Start of Data block

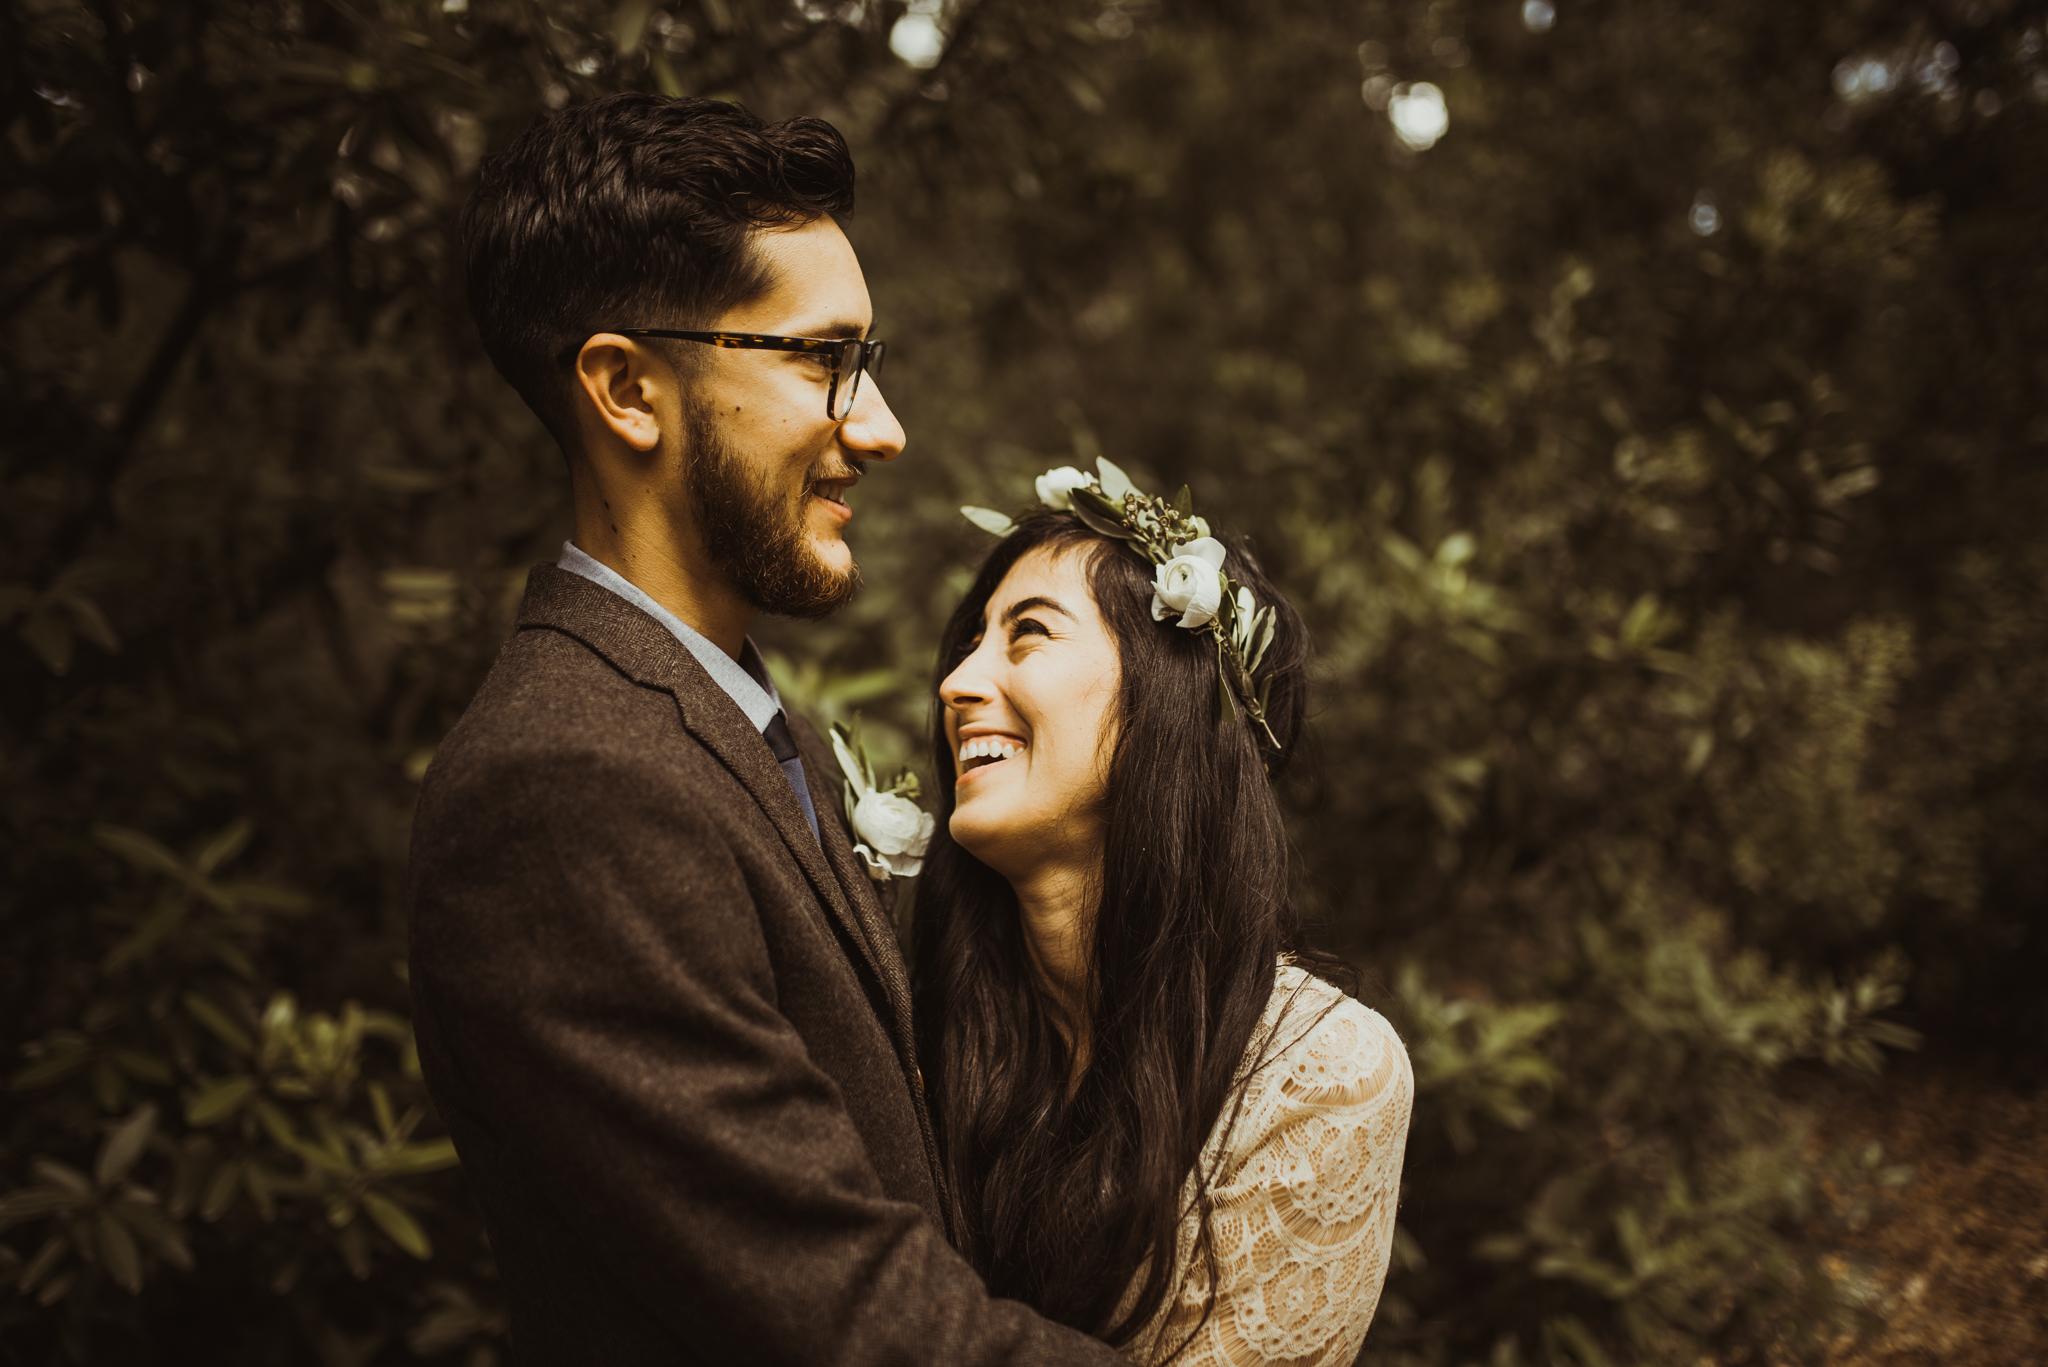 ©Isaiah-&-Taylor-Photography---Oak-Canyon-Nature-Center-Wedding,-Anaheim-Hills-033.jpg
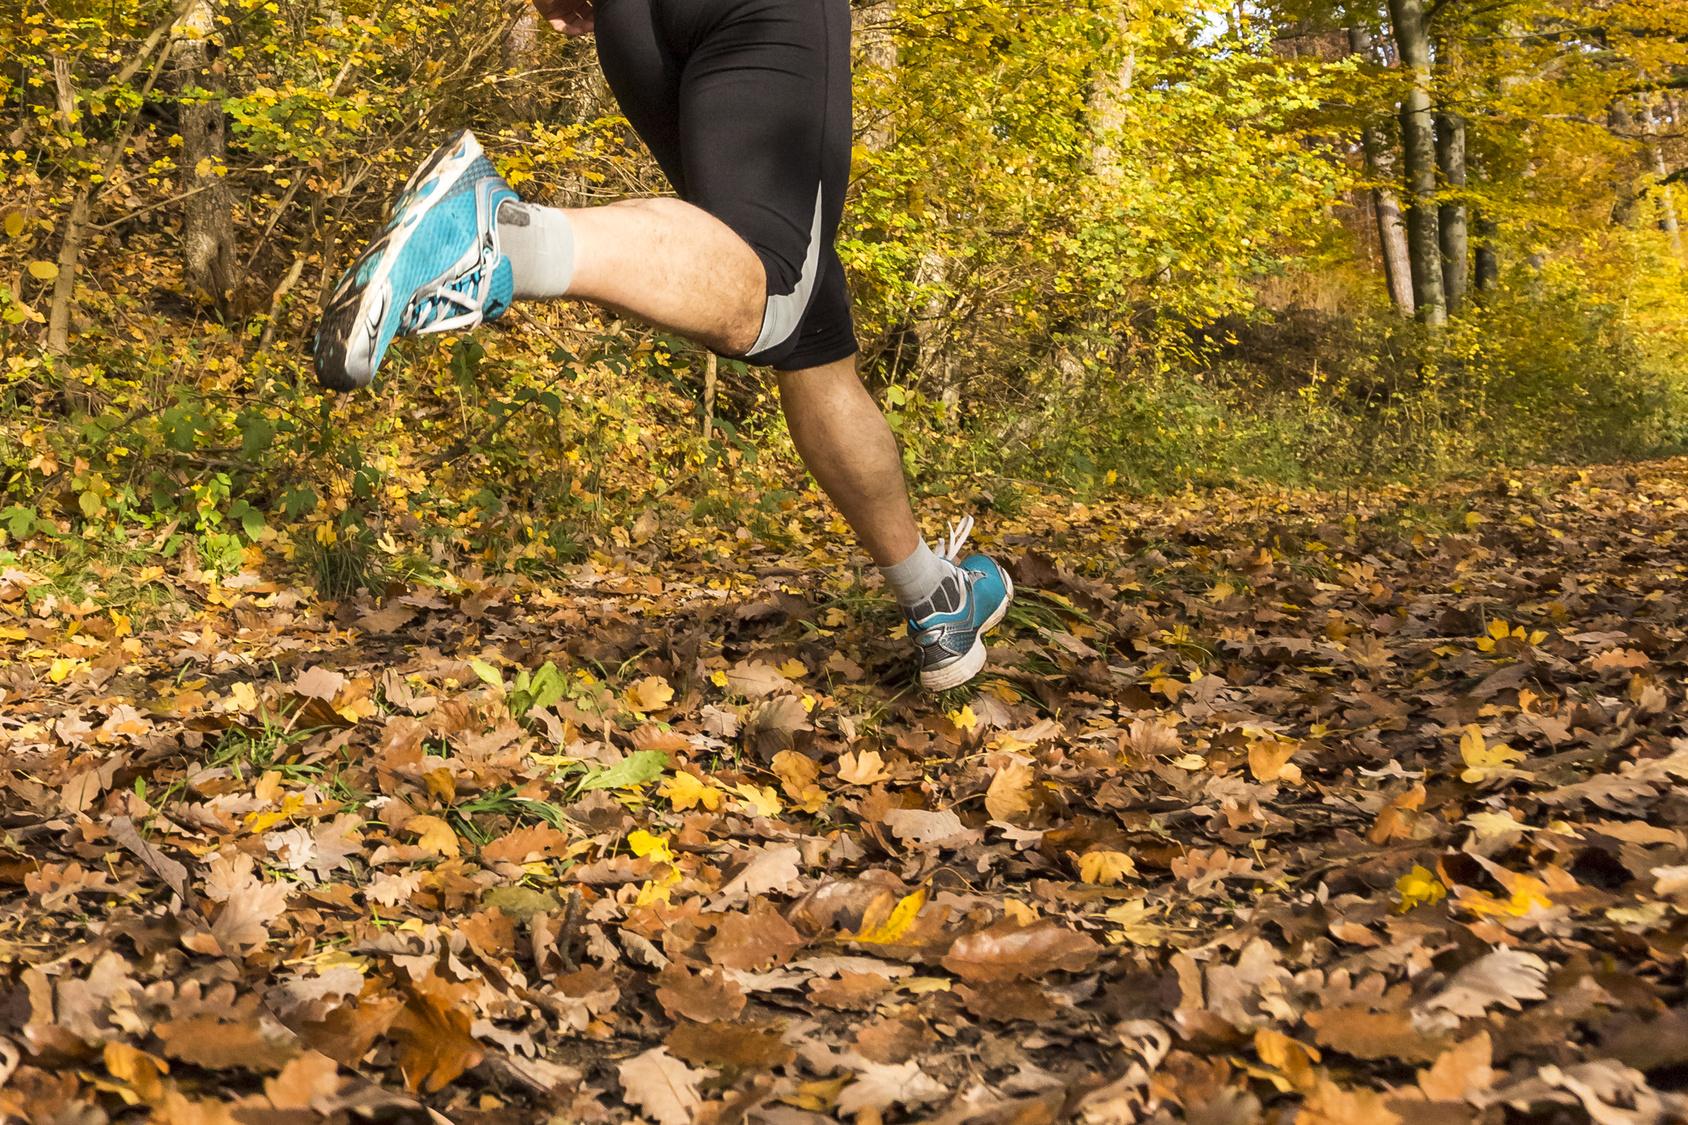 lechuga interior enfermo  Fisioterapia y Trailrunning - Alcorcón
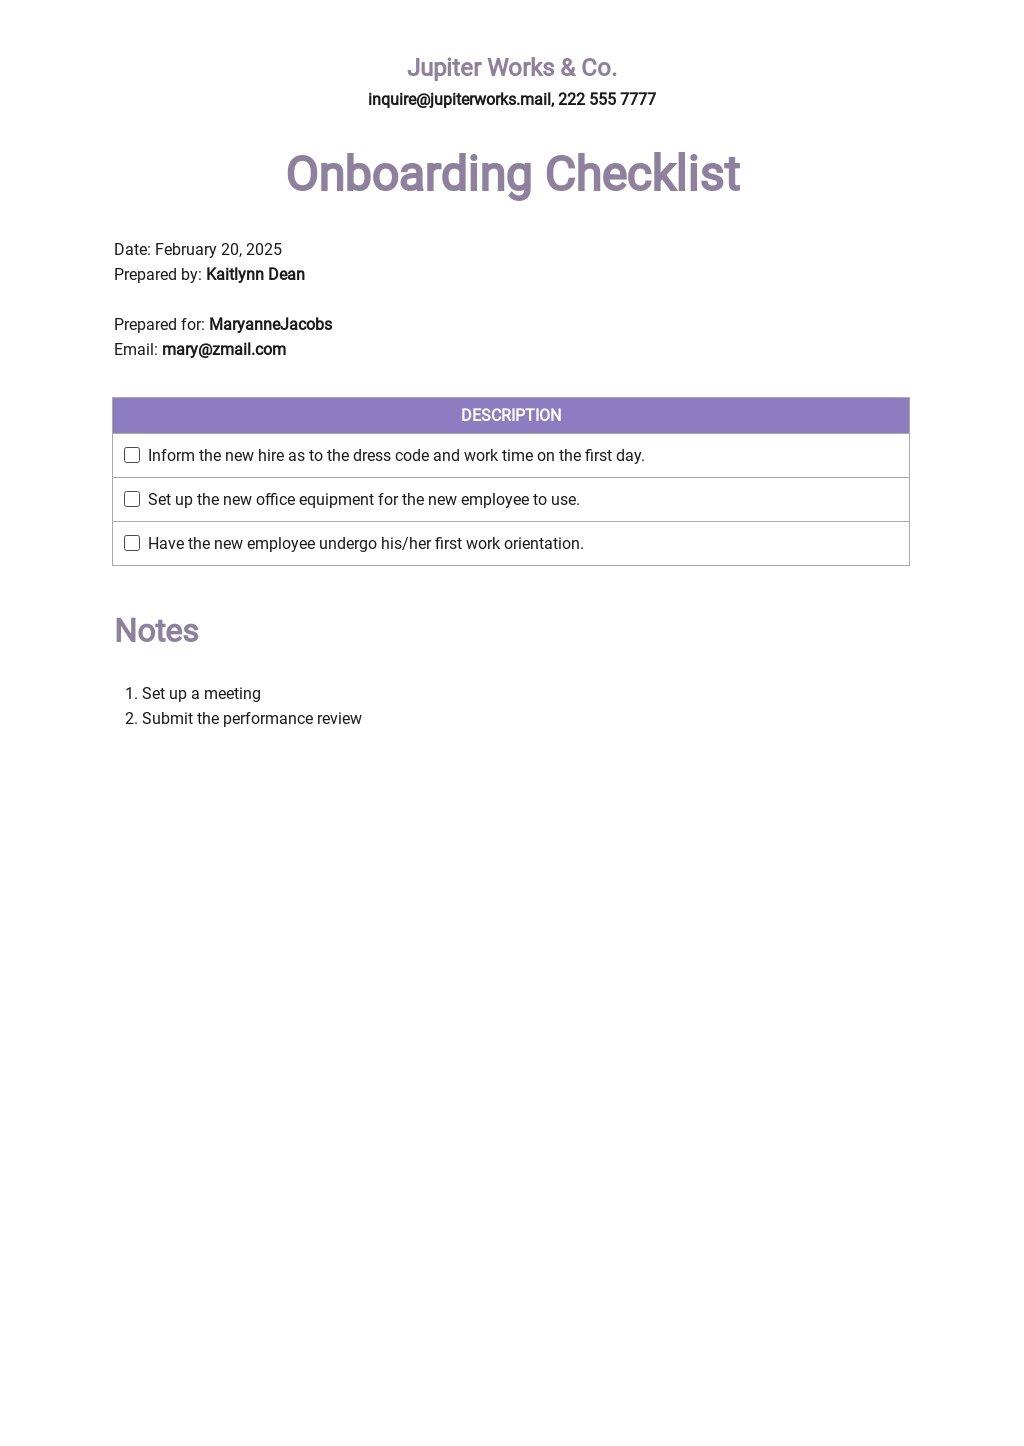 Onboarding Checklist Template.jpe

End of Data block

§ **Activity**:
Pictures are to be left out; otherwise, copy exactly each line from the one containing "lechuga interior enfermo" through the last line of the listing.

§ **Finished exercise**:
 lechuga interior enfermo  Fisioterapia y Trailrunning - Alcorcón
 Onboarding Checklist Template.jpe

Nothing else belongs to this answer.